Endocrine Abstracts

Glucokinase (GCK) serves as the blood glucose ‘sensor’ in pancreatic β-cells, being critically involved in transducing elevated blood glucose into increased insulin secretion. Inactivating GCK mutations cause a subtype of maturity onset diabetes of the young (MODY), whereas activating mutations are a rare cause of hyperinsulinaemic hypoglycaemia, usually presenting in infancy.

We now describe the case of a 60-year-old woman who first presented with symptomatic hypoglycaemia in her fifth decade. Despite biochemical evidence of hyperinsulinaemic hypoglycaemia, extensive investigation failed to identify an insulin-secreting tumour. An extended oral glucose tolerance test demonstrated fasting hypoglycaemia that was exacerbated following a glucose challenge, consistent with dysregulated glucose-stimulated insulin release. Mutational analysis of the human GCK gene revealed a heterozygous activating mutation, p.Val389Leu, in the patient and four other family members. Of these, two were undergoing extensive investigation elsewhere for recurrent hypoglycaemia presenting in adulthood, whilst the other two adult relatives were asymptomatic despite profound hypoglycaemia.

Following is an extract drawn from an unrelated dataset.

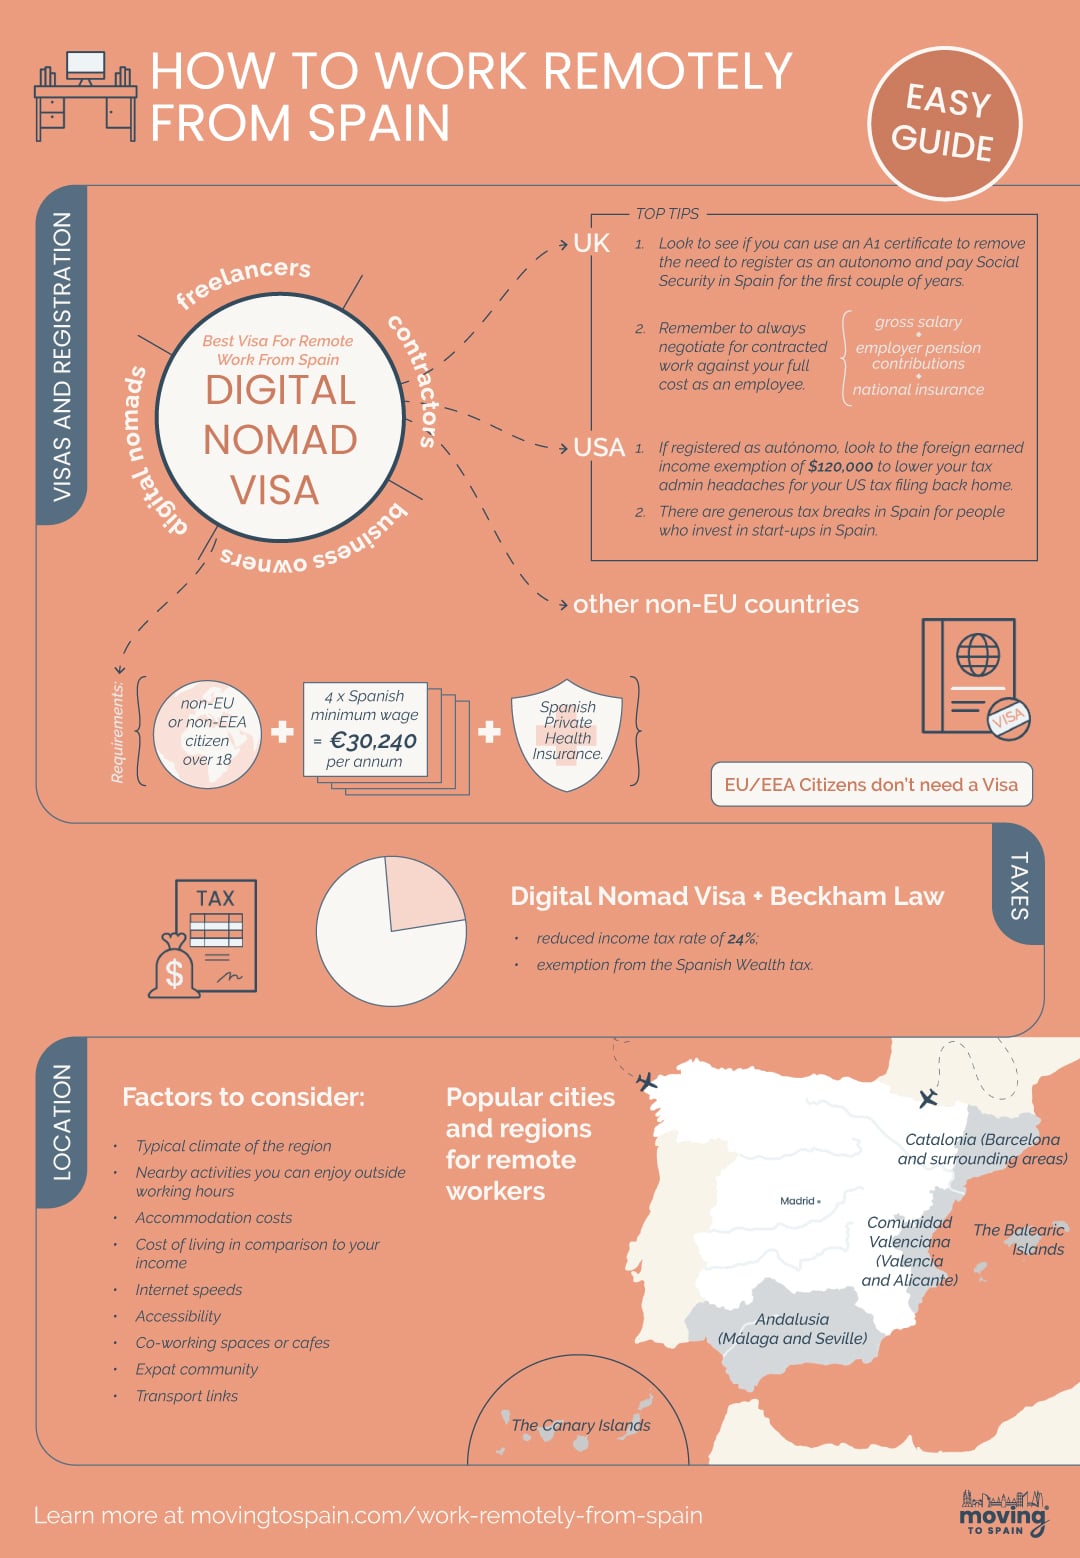 How to Work Remotely From Spain Infographic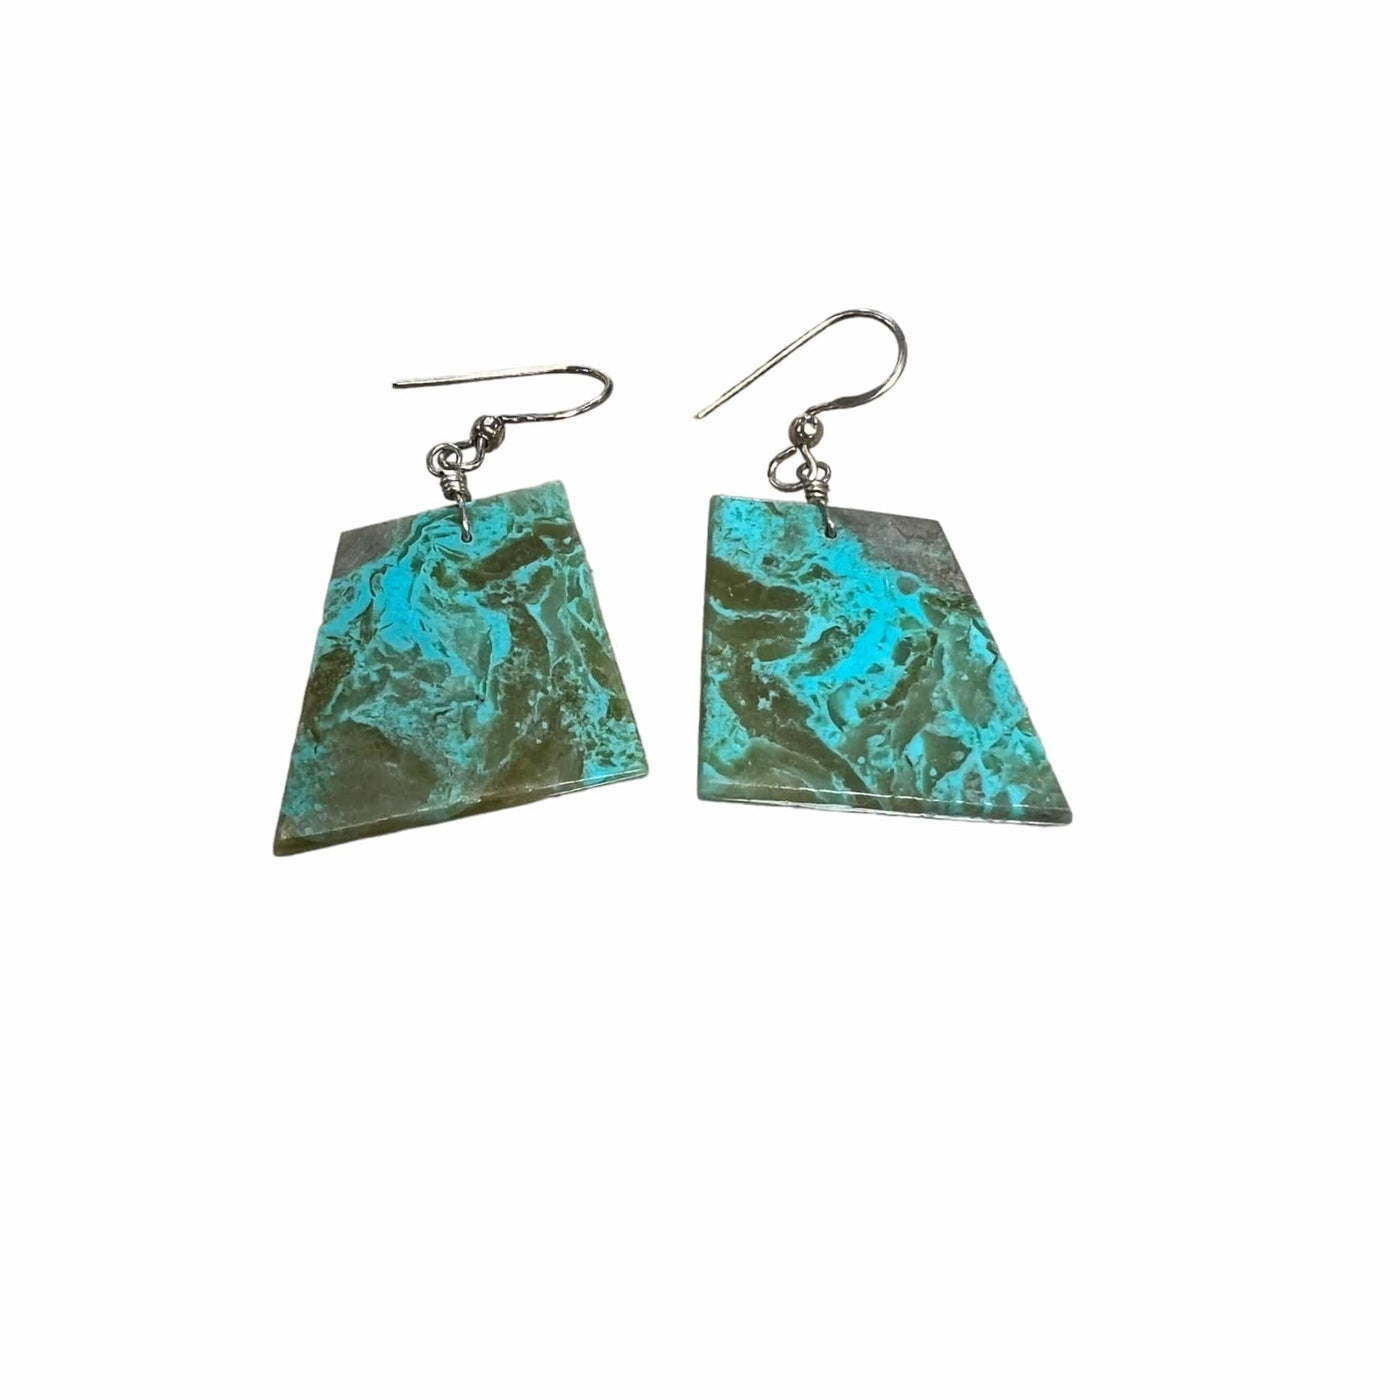 pair of turquoise earrings on white background

GCK is also expressed in non-pancreatic tissues including liver and GI tract, where it is expressed in enteroendocrine L cells that secrete GLP-1. In the liver, GCK mediates glucose clearance and has been implicated in lipogenesis and the pathogenesis of non-alcoholic fatty liver disease. Indeed, concerns have been raised that small molecule glucokinase activators used in the treatment of type 2 diabetes may drive hepatic steatosis and dyslipidaemia. However three members of the family studied with the GCK p.Val389Leu activating mutation had normal lipid profiles, hepatic triglyceride commensurate with their degree of adiposity, and normal rates of de novo lipogenesis. Consistent with previous reports two subjects with the p.Val389Leu mutation did not have significantly different levels of GLP-1 compared with controls.

In conclusion, activating GCK mutations are a rare cause of hyperinsulinaemic hypoglycaemia in adults and provide unique opportunities to study concepts relating to glucose sensing and therapeutic manipulation of GCK in man.